Is this answerable at all? –  iandotkelly Sep 8 '12 at 15:51
    
@iandotkelly You need to have seen the movie, obviously. –  Andy Sep 8 '12 at 18:22
    
@Andy, well yes clearly. I saw the movie when it came out and presumed that everything was unrealistic, but how would we know? My only thought is that there is a reason why the western military still use reconnisance planes and drones. –  iandotkelly Sep 8 '12 at 18:57
    
I was the same but it was nowhere near as far fetched as, say, some of the techniques used in a James Bond movie. The wire tapping and facial recognition I can imagine are commonplace in the fight against terrorism. –  Andy Sep 8 '12 at 19:11

1 Answer 1

Technology will have moved on in even the 15 years since Enemy of the State was being put together, and much of that movement has been in precisely the areas OP asks about.

For example, this paper includes a chart showing how satellite camera resolution continues to improve, and this article confirms the increased military use of "drone" (unmanned) planes, which are more often configured for surveillance than attack.

Police forces in the UK are or soon will be using small drone helicopters that will be too high up and quiet for you to hear, but easily capable of seeing when you illegally drop a cigarette butt on the pavement.

According to statistics, the average [UK] citizen is caught on CCTV cameras 300 times a day, and according to that BBC link, analysts expected a tenfold increase in the next five years after 2002 when that article was written.

I can't find a source, but I recall reading a few weeks ago of plans install dozens of sensitive directional microphones in Wembley Stadium, that with a bit of trivial processing power will enable operators to focus on a whispered conversation while 90,000 other people are shouting "Goal!"
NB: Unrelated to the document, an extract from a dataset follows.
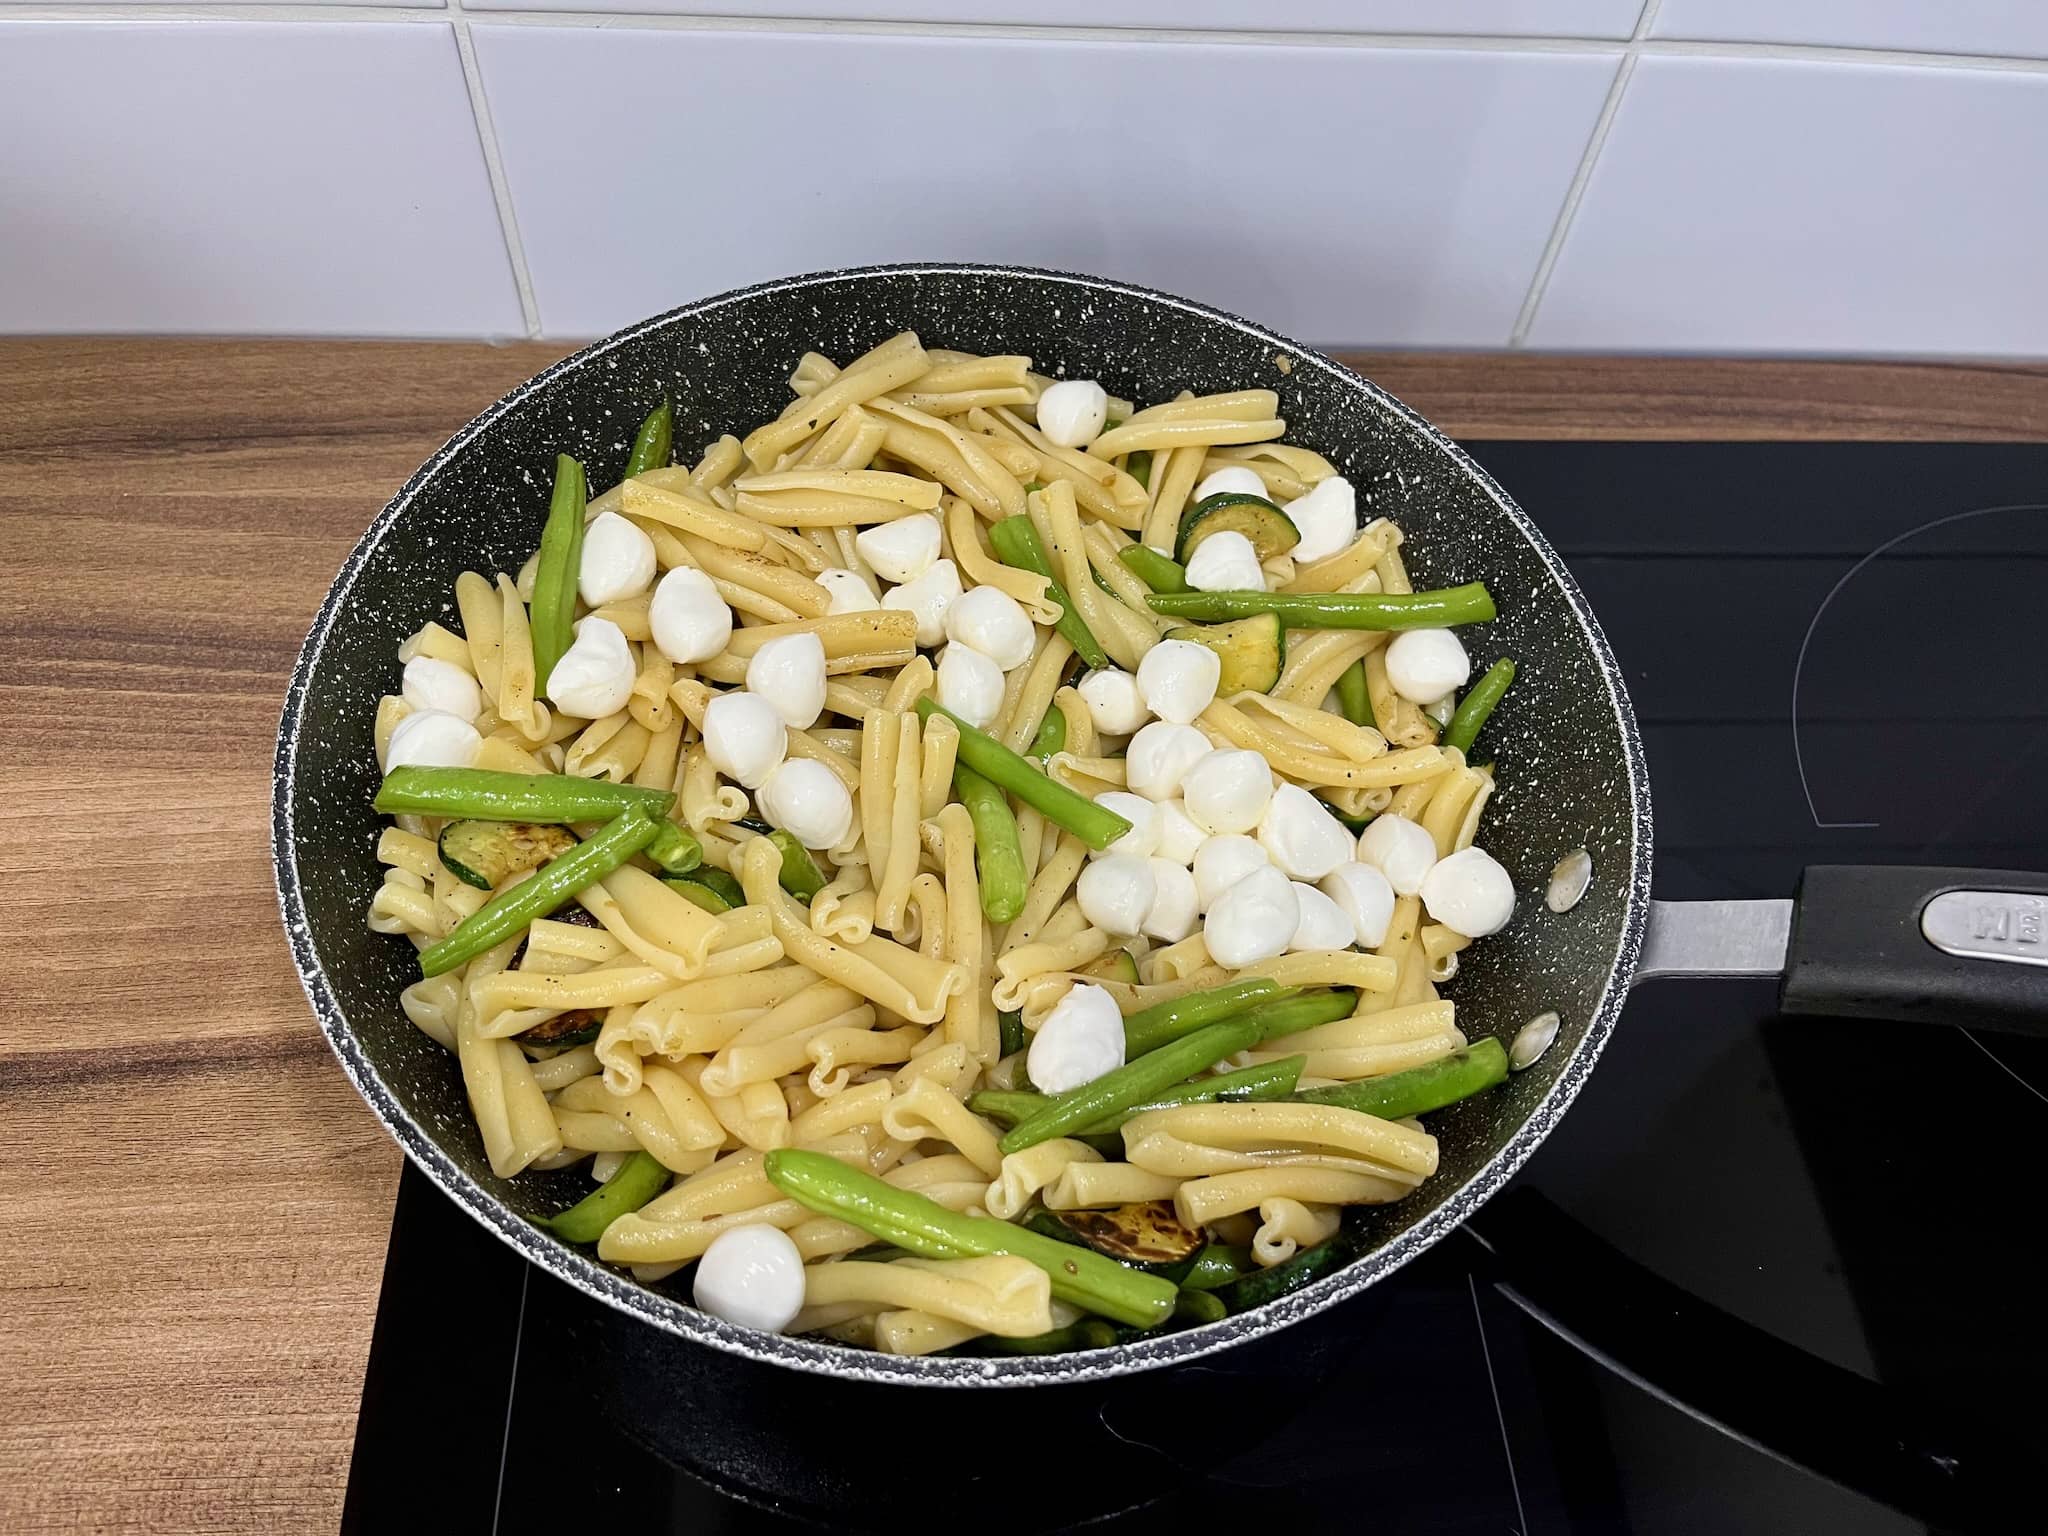 Courgette and green beans together with pasta and mozzarella in a pan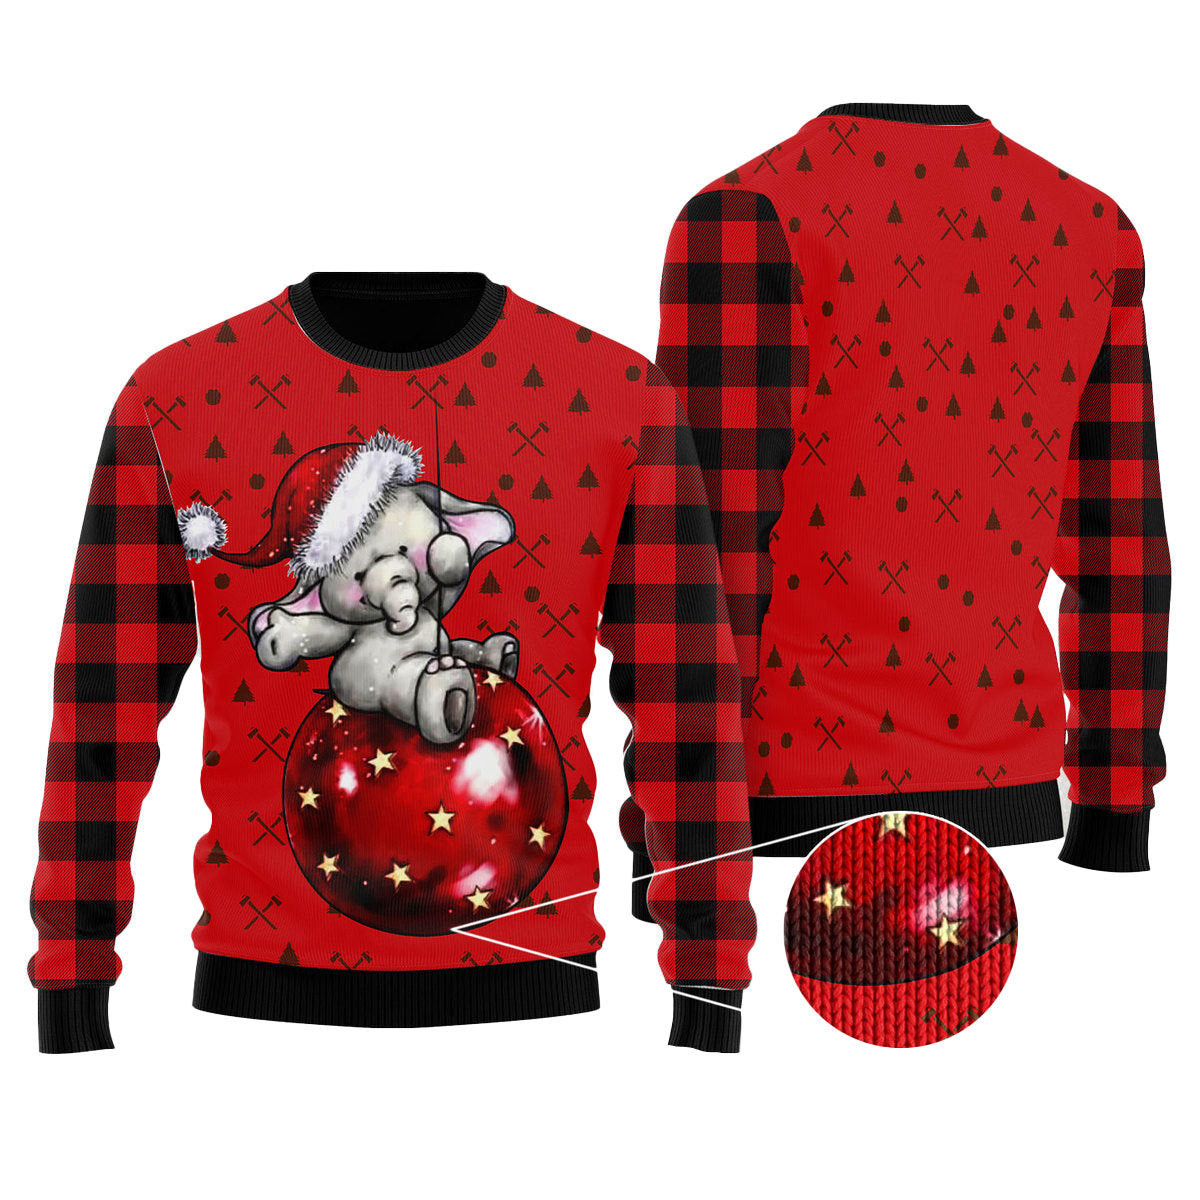 Elephant Cute Red Pattern Ugly Christmas Sweater Ugly Sweater For Men Women, Holiday Sweater

OP might also consider in Francis Ford Coppola's 1974 movie The Conversation, where Gene Hackman brilliantly portrays a paranoid and personally-secretive surveillance expert. I'm not convinced the technology at the time was actually as good as what was portrayed, but it's much better today.

You don't have to be particularly paranoid to see the direction things are headed. Many "possible" technologies are never really taken up, but surveillance equipment is definitely on a roll.